The transgender umbrella has been defined too broadly for us all to embrace a common cause. It seems there is too wide a gap between transsexuals and other transgender people. Attempts to lump us all together along with gay people into a single advocacy group is problematic, in my opinion. I predict it will splinter into two or more separate entities.
Clara
Gender transition starts off being all about making one's external appearance match one's internal self-concept. It's certainly a huge part of anyone's transition and very difficult to do. We spend 90% of our time and resources focusing on the physical transformative aspects of transition. But, after awhile the emphasis shifts more to our relationships with others; people that are special in our lives as well as total strangers.
The challenge that I'm facing now concerns what I call 'societal validation.' Being accepted by the society in which I live my life day in and day out. Some will criticize me for reinforcing society's binary gender paradigm (you're either a man or a woman), but that's too bad. I'm a woman, identify as a woman, and I want others to see me as a woman.
That doesn't mean that there isn't room for those who are in the middle, bouncing between male and female genders, or presenting an ambiguous gender identity. Like I said, I have lots of male friends that like to express their feminine side by cross-dressing as the need and opportunity arise. This is who they are.
I'm entering the phase of my transition where I want to be seen and treated as a woman. My 'girl' friends don't really understand this, and still treat me like I'm a guy in a dress. There's no intention on their part to make me feel uncomfortable, it's just who they are, and not being women, themselves, they aren't sensitive to how I feel. I know this is true, because if a GG is in our midst, they will change their demeanor toward her very noticeably. It's very easy to see that many of my TG friends are men first and foremost. Putting on makeup and a dress does not make them women, and, by and large, they are fine with that. It's becoming a problem for me because the effect it has is to make me feel invalidated in their presence.
I'm finding myself avoiding social occasions where this dynamic is likely to play out. When someone like me who wants to be seen and treated like a female, hangs with male-identifying CDers in a public setting (e.g., restaurant, shopping mall, nightclub, etc.) I become someone who I don't want to be in the eyes of strangers. In those situations, no matter how good my presentation, I'm tagged as a male CDer myself.
It isn't that I object to their gender identity and how they wish to express it. It's that my gender identity is then misinterpreted by strangers; I become someone I'm not. Believe me, it does make a difference in the way people interact with me depending on if they read me as TG or GG. It serves to remind me of the limitations I face in blending seamlessly into the cisgender world which is my goal.
To be criticized for wanting to blend, and in so doing reinforcing the binary gender model of society, is to deny my right to be myself for the sake of others who would dismantle that model. I can't accept that criticism as being any more valid than my expecting my CD friends to transition to be more like me to preserve the binary model.

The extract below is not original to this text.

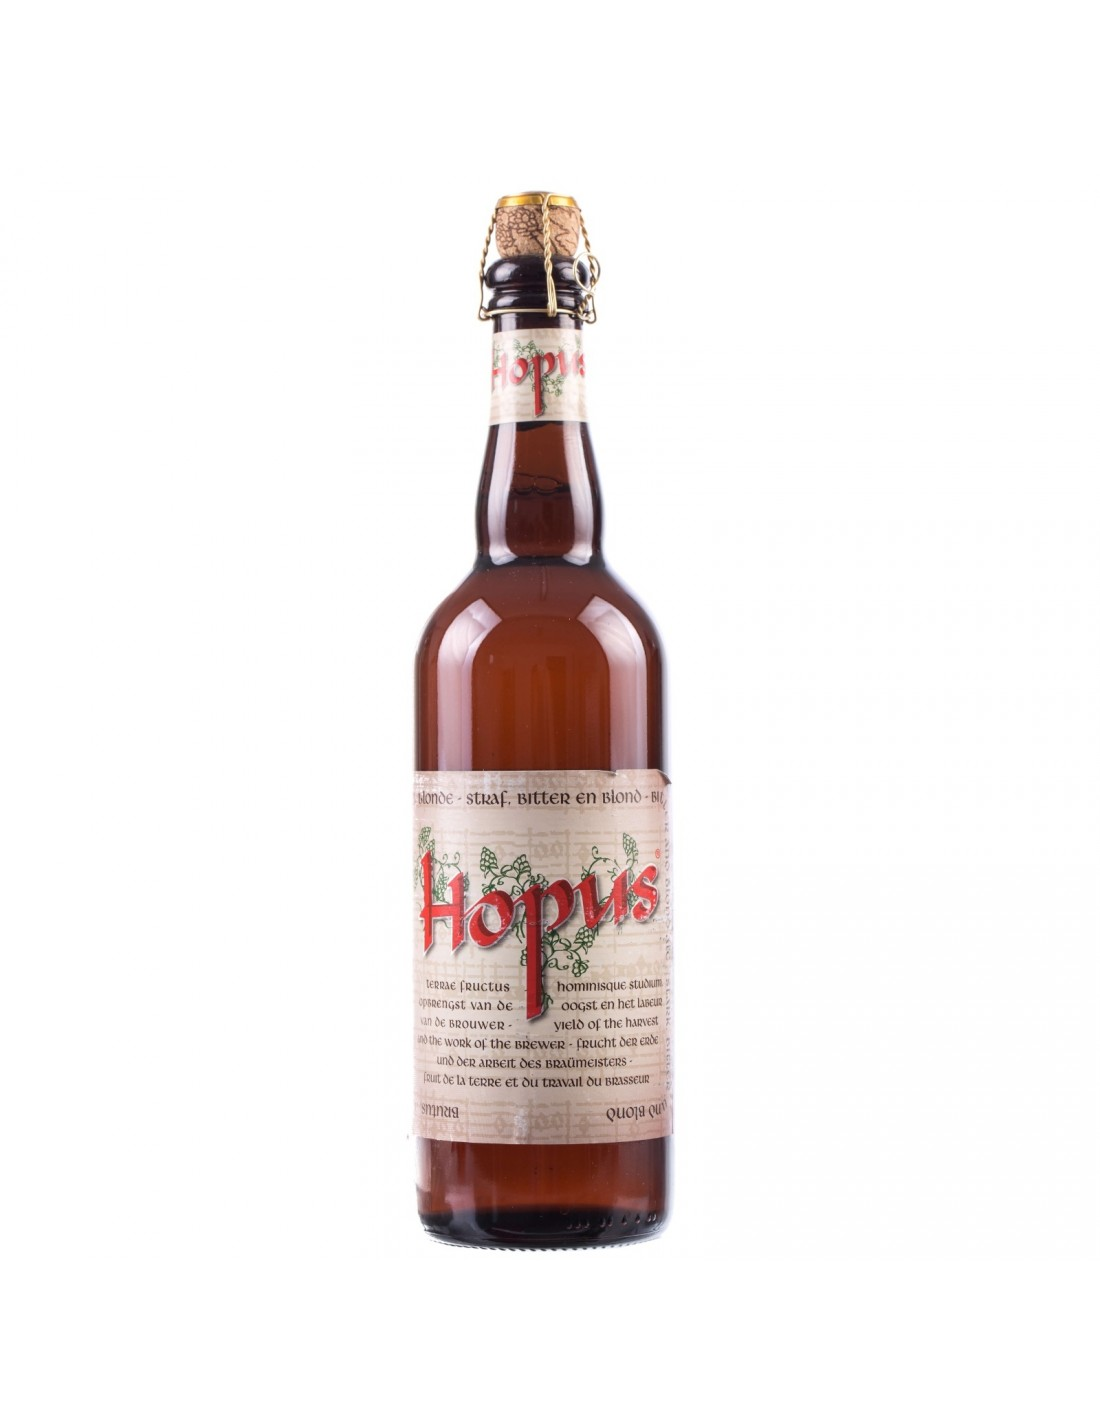 Bere blonda Hopus, 8.3% alc., 0.75L, Belgia

The answer is to simply move on. It's an aspect of gender transitioning like so many other challenges that we have to confront.
The transgender umbrella has been defined too broadly for us all to embrace a common cause. It seems there is too wide a gap between transsexuals and other transgender people. Attempts to lump us all together along with gay people into a single advocacy group is problematic, in my opinion. I predict it will splinter into two or more separate entities.